Смешливый «фульгат» на вредной чалой кобыле выслушал приказ и галопом рванул назад, за поворот. Бочка, разумеется, заржал, принцесса хохотнула и послала невежу по собственным следам. Золотой полумориск и алатский склочник топтали скрипучий снег, рядом вышагивали толстые полуденные тени, а Матильда, не прекращая битву с шарфом, весело объясняла, как за завтраком они с Бонифацием спорили, впору ли супруге кардинала скакать по полям в мужском платье. Присутствующая при сем Урфрида вызвалась для соблюдения приличий отправиться с ее высочеством, ее высочество тут же взбрыкнуло, то есть объявило, что в женское седло не полезет. Взъярившийся Бонифаций хватил кулаком по столу, да так, что на платье бывшей маркграфини опрокинулось богоугодное молоко. Матильда обозвала супруга неуклюжим кабаном и тут же ускакала в одиночестве, то есть с дюжиной «фульгатов».

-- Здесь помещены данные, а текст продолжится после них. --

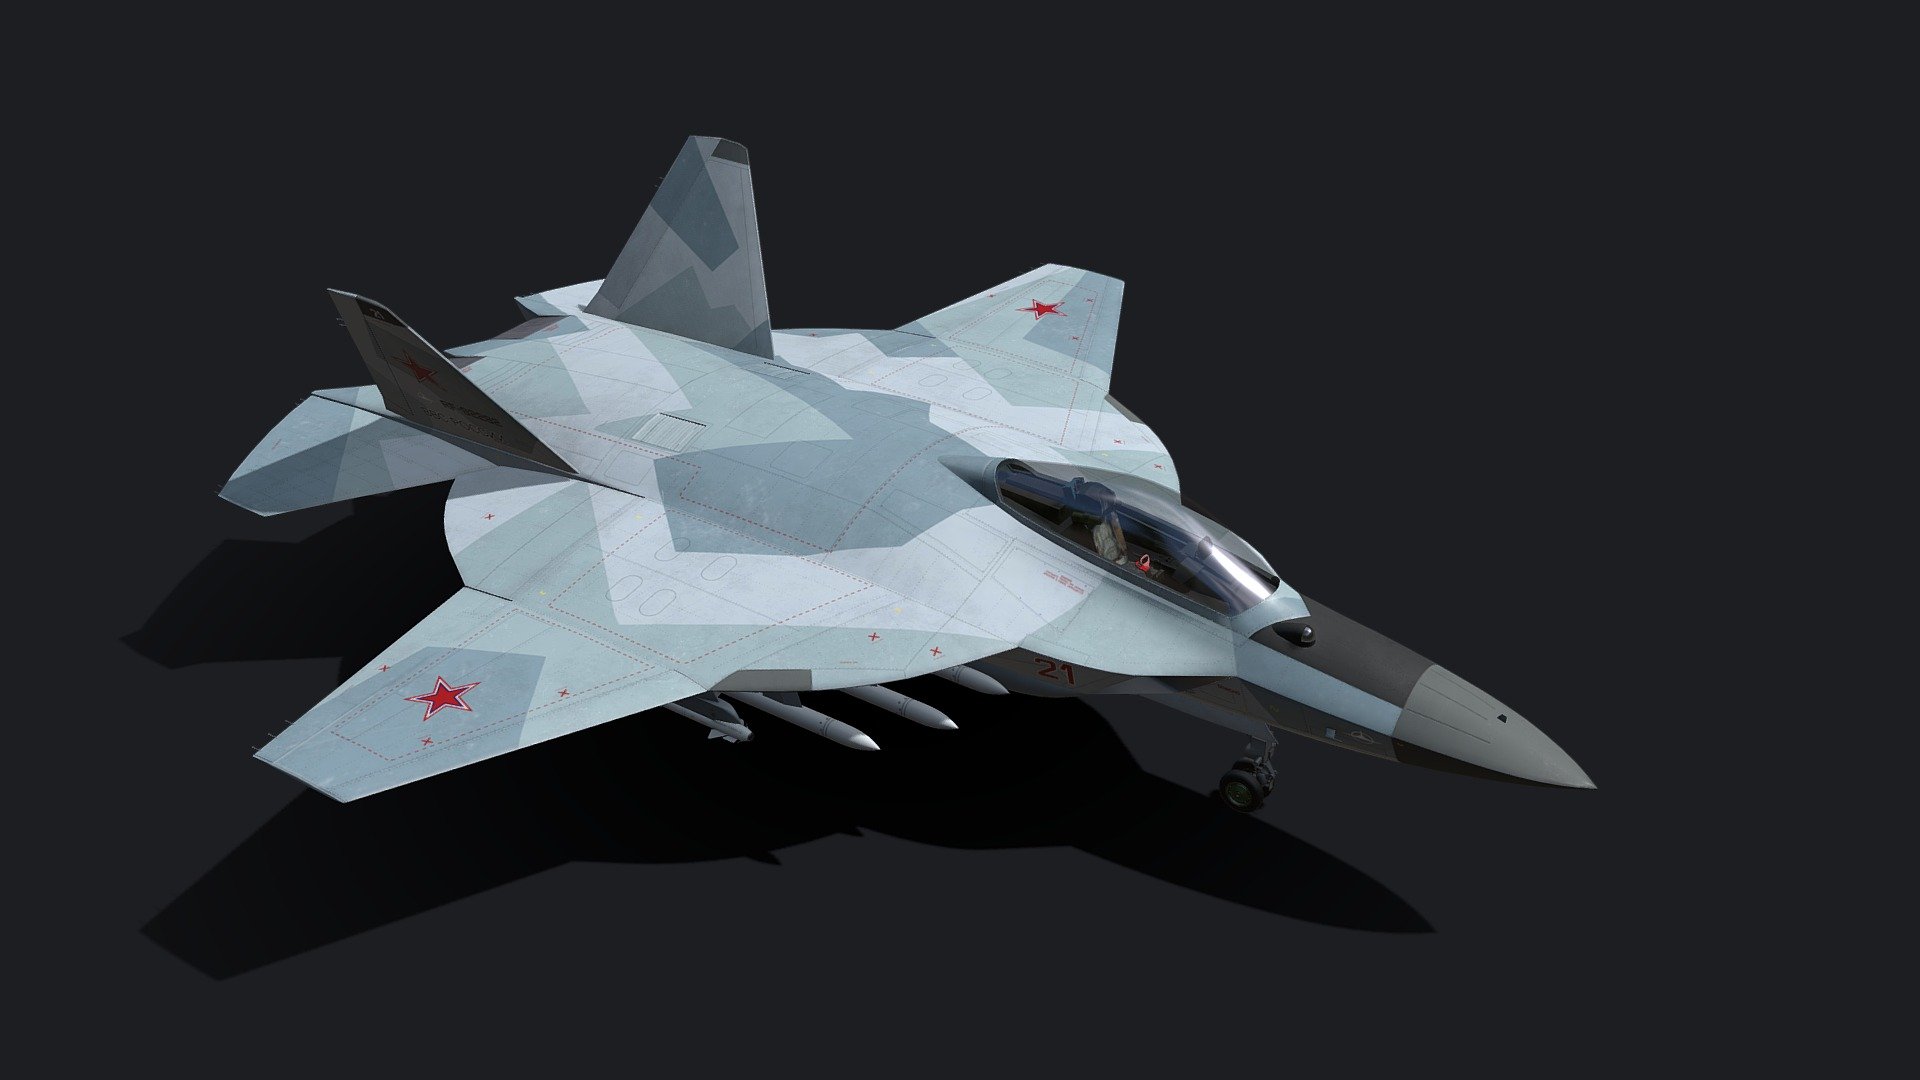 The I-2000 LFS is a concept-plane made for the LFS project. However, the project was cancelled in favor of the PAK FA program (which later resulted in the Su-57). The S-55 LFS was also spawned from this project (which also appears in the AFD series). This would not be the end for the interesting I-2000, however; the plans influenced the design of a recent aircraft, the Iranian HESA Shafaq. As a result, the I-2000 interestingly lives on through that plane 3d model

– Думала, Алву перехвачу, – объяснила она, – а вышло – тебя. Смотри, вот и наш караван. Всем хорош, только линарца горностаевого не хватает.
Открывавшаяся с очередного косогора картина внушала почтение. Бонифаций не сплоховал, прихватив с собой не только солидный конвой, но и обоз, выглядевший как мечта мародера. Эпинэ придержал Дракко, пропуская даму на положенные полкорпуса вперед себя, и спохватился, что не знает главного. Как встречают кардиналов, Райнштайнер не объяснил, а спросить Робер не догадался.

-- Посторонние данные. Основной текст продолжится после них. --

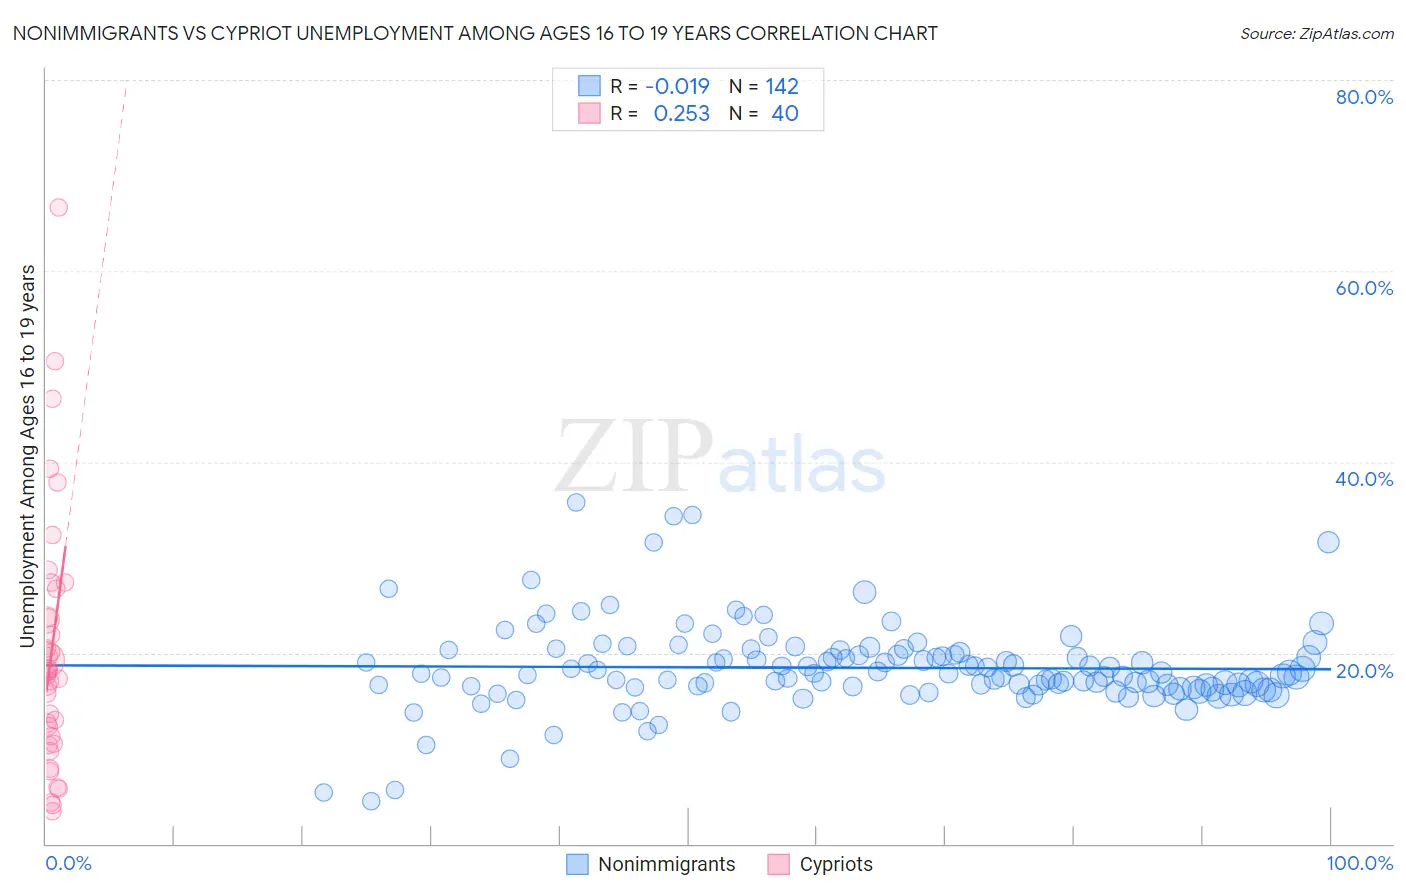 Nonimmigrants vs Cypriot Unemployment Among Ages 16 to 19 years

– Я – все еще эсператист, – напомнил он спутнице. – Совсем забыл…
– И хорошо, – весело одобрила ее высокопреосвященства, – можешь не коленопреклоняться. Поздороваешься, и хватит с аспида. Не забудь только, что вы два года не видались!
Влекомая мохнатыми торскими тяжеловозами карета была роскошна, особенно вблизи. Офицер в «волчьей» ноймарской форме попытался взять Дракко под уздцы, полумориск зло мотнул головой и попятился. Эпинэ мог заставить коня признать чужака, но не стал: спрыгнул в снег и зацепил поводья за луку, наскоро объяснив, что жеребец строгий. Двое младших церковников шустро распахнули дверцу и опустили подножку. Бонифаций возник немедля – огромный, черный, бровастый. Первым делом его высокопреосвященство оглядел эскорт, после чего раскрыл объятия.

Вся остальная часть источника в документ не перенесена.